Il cabman non si stupì minimamente dell’ordine di seguire l’uomo in livrea grigia, schioccò la lunga frusta, e il piano entrò nella sua prima fase.
Imbruniva. Per le strade brillavano i fanali, ma Erast Petrovič, che non conosceva Londra, perse ben presto l’orientamento, confuso com’era dai quartieri in muratura tutti identici di una città estranea, minacciosamente silenziosa. Dopo un certo tempo le case si fecero più basse e rade, nelle tenebre era come se galleggiassero i profili degli alberi, e dopo un altro quarto d’ora cominciò la serie delle villette circondate dai giardini. L’egoista si fermò davanti a una di queste, la gigantesca silhouette se ne staccò e aprì l’alto cancello di ferro battuto. Affacciatosi dal cab, Fandorin vide entrare la carrozza nello spazio cintato, dopodiché il cancello si richiuse.
Il cabman, un tipo sveglio, aveva fermato da solo il cavallo, si era voltato e aveva chiesto: «Sir, devo informare la polizia di questo viaggio?»
«Eccovi una corona e decidete da solo la questione», rispose Erast Petrovič, che aveva deciso di non chiedere al cocchiere di aspettarlo: era troppo sveglio. E poi non sapeva quando sarebbe tornato indietro. Lo attendeva la più totale incertezza.
Scavalcare il recinto non fu difficile, negli anni del ginnasio ne aveva scavalcati anche di più alti.

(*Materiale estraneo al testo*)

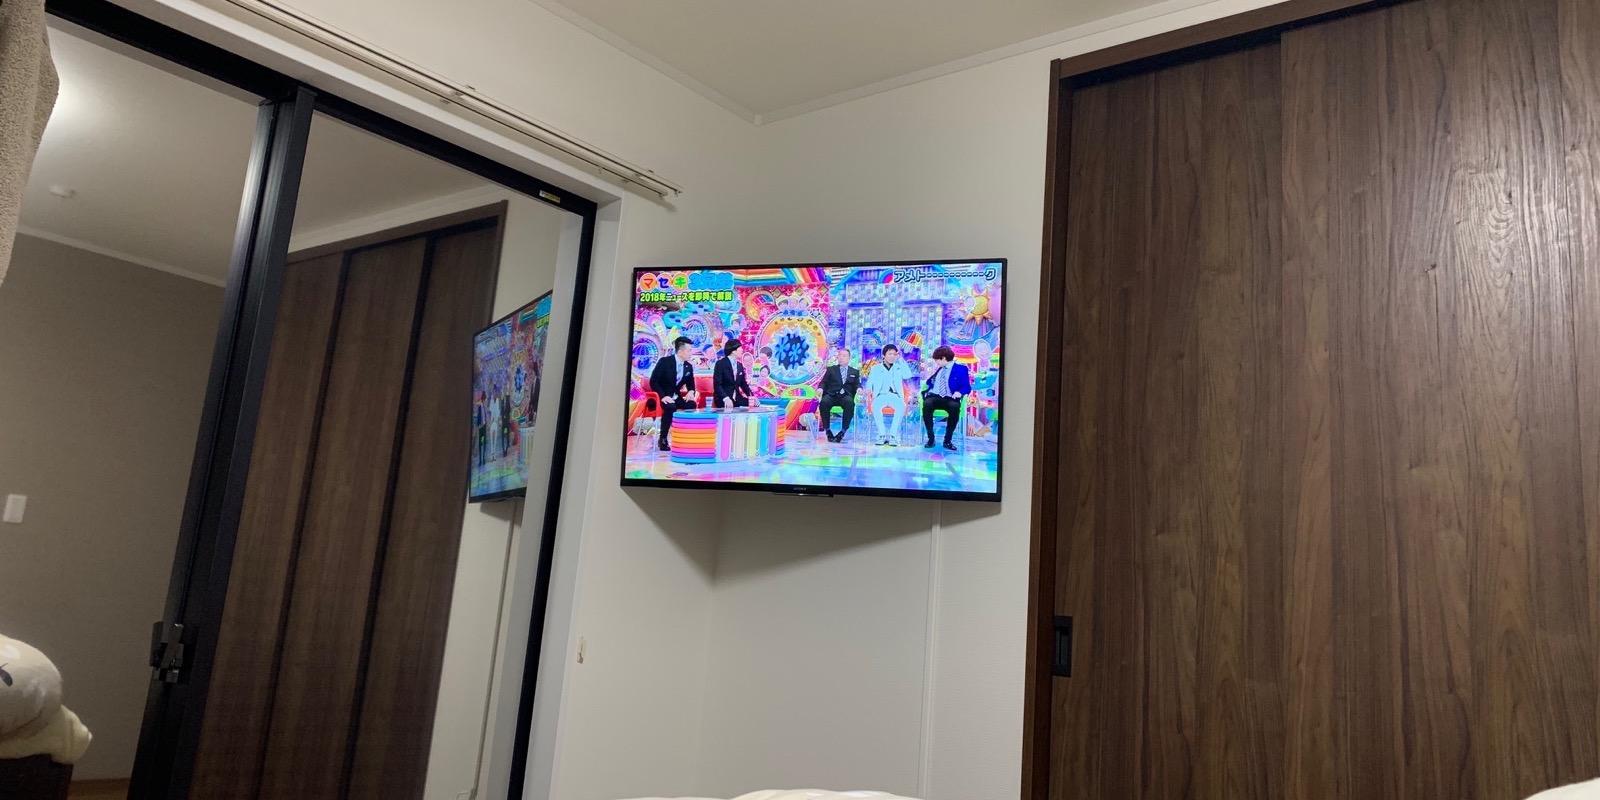 テレビをDIYで壁掛けしてみた|5千円でできる43インチ用の金具はコレ!
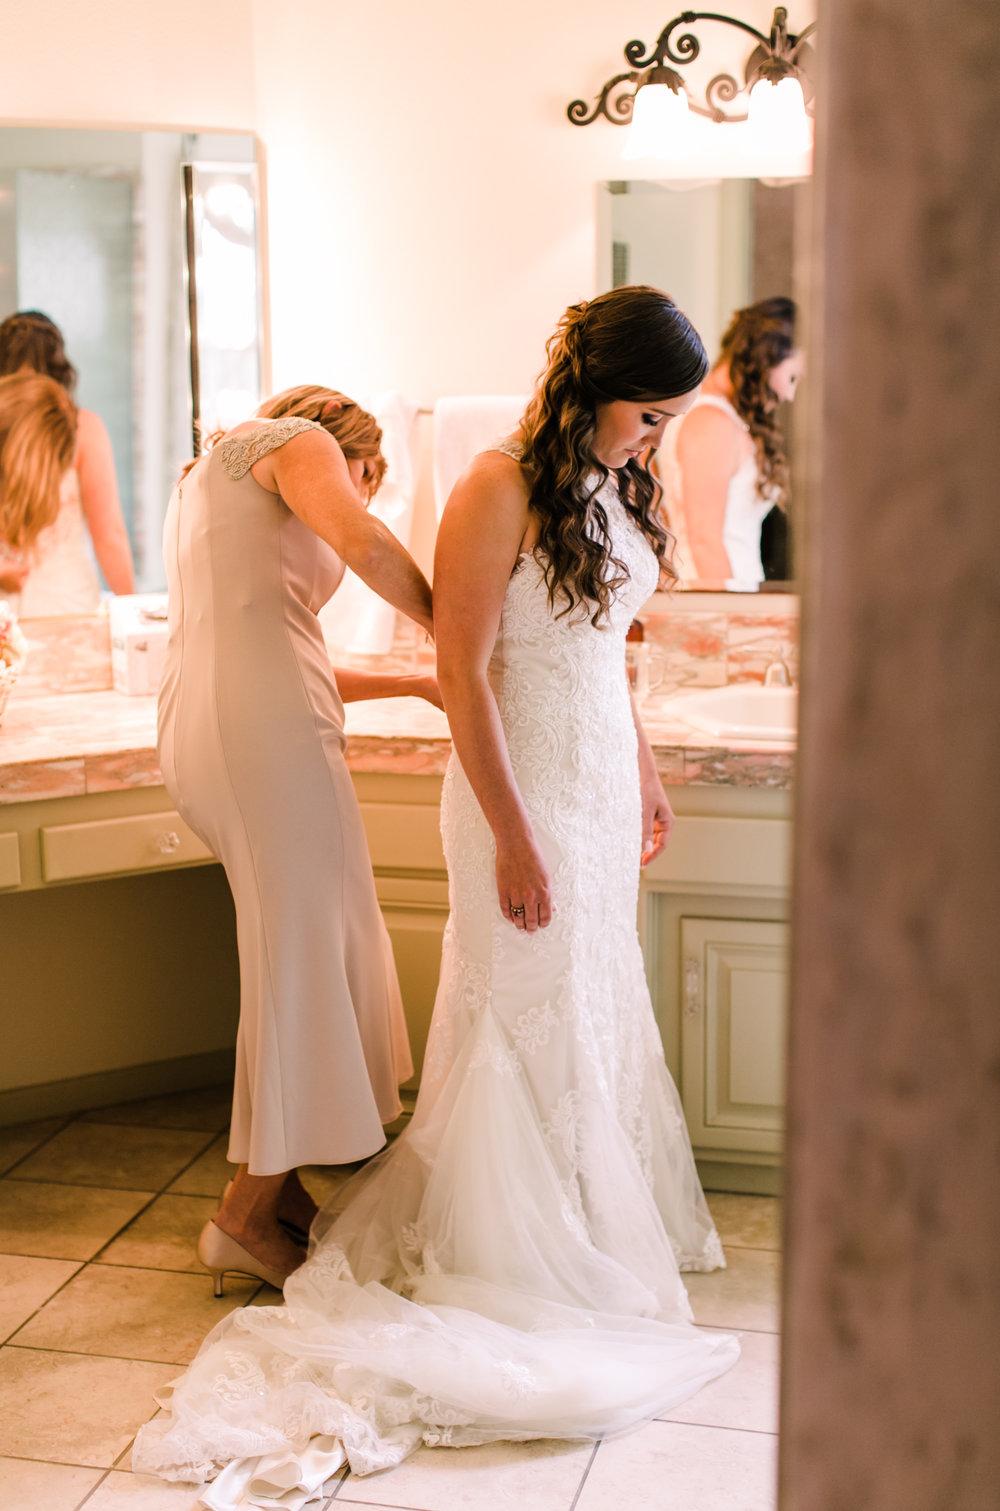 Walsh Wedding, 2018 (32 of 257).jpg

Il giardino incuteva timore con le sue ombre e ficcava poco ospitalmente i rami in faccia. Di fronte, attraverso gli alberi, biancheggiavano indistinti i tratti di una casa a due piani sotto a un tetto ricurvo. Fandorin, nel tentativo di scricchiolare meno, si spinse fino agli ultimi cespugli (che mandavano una fragranza di lillà; doveva trattarsi di un qualche lillà inglese) e diede un’occhiata di ricognizione. Non era una semplice casa, aveva tutta l’apparenza della villa. All’ingresso c’era un lampione. Al piano terra le finestre erano illuminate, ma lì, probabilmente, si trovavano le stanze di servizio. Di gran lunga più interessante la finestra illuminata al secondo piano (qui si ricordò che gli inglesi, chissà perché, lo chiamano primo), ma come arrivarci? Per fortuna, poco lontano c’era il tubo della grondaia, mentre il muro era ricoperto da un rampicante dall’aria assai prensile. Le abitudini ancora fresche dell’infanzia potevano tornare nuovamente utili.
Erast Petrovič si avvicinò come un’ombra nera al muro e scosse il tubo della grondaia. Pareva solido e non cigolava. Siccome era di importanza vitale non fare fracasso, la scalata avvenne in modo più lento di quanto avrebbe voluto. Infine il piede avvertì il cornicione che per fortuna cingeva l’intero primo piano, e Fandorin, aggrappandosi con grande cautela all’edera, o forse alla vite americana, o magari a delle liane — lo sa il diavolo, come si chiamavano quegli steli serpentini — cominciò ad avvicinarsi a piccoli passi alla misteriosa finestra.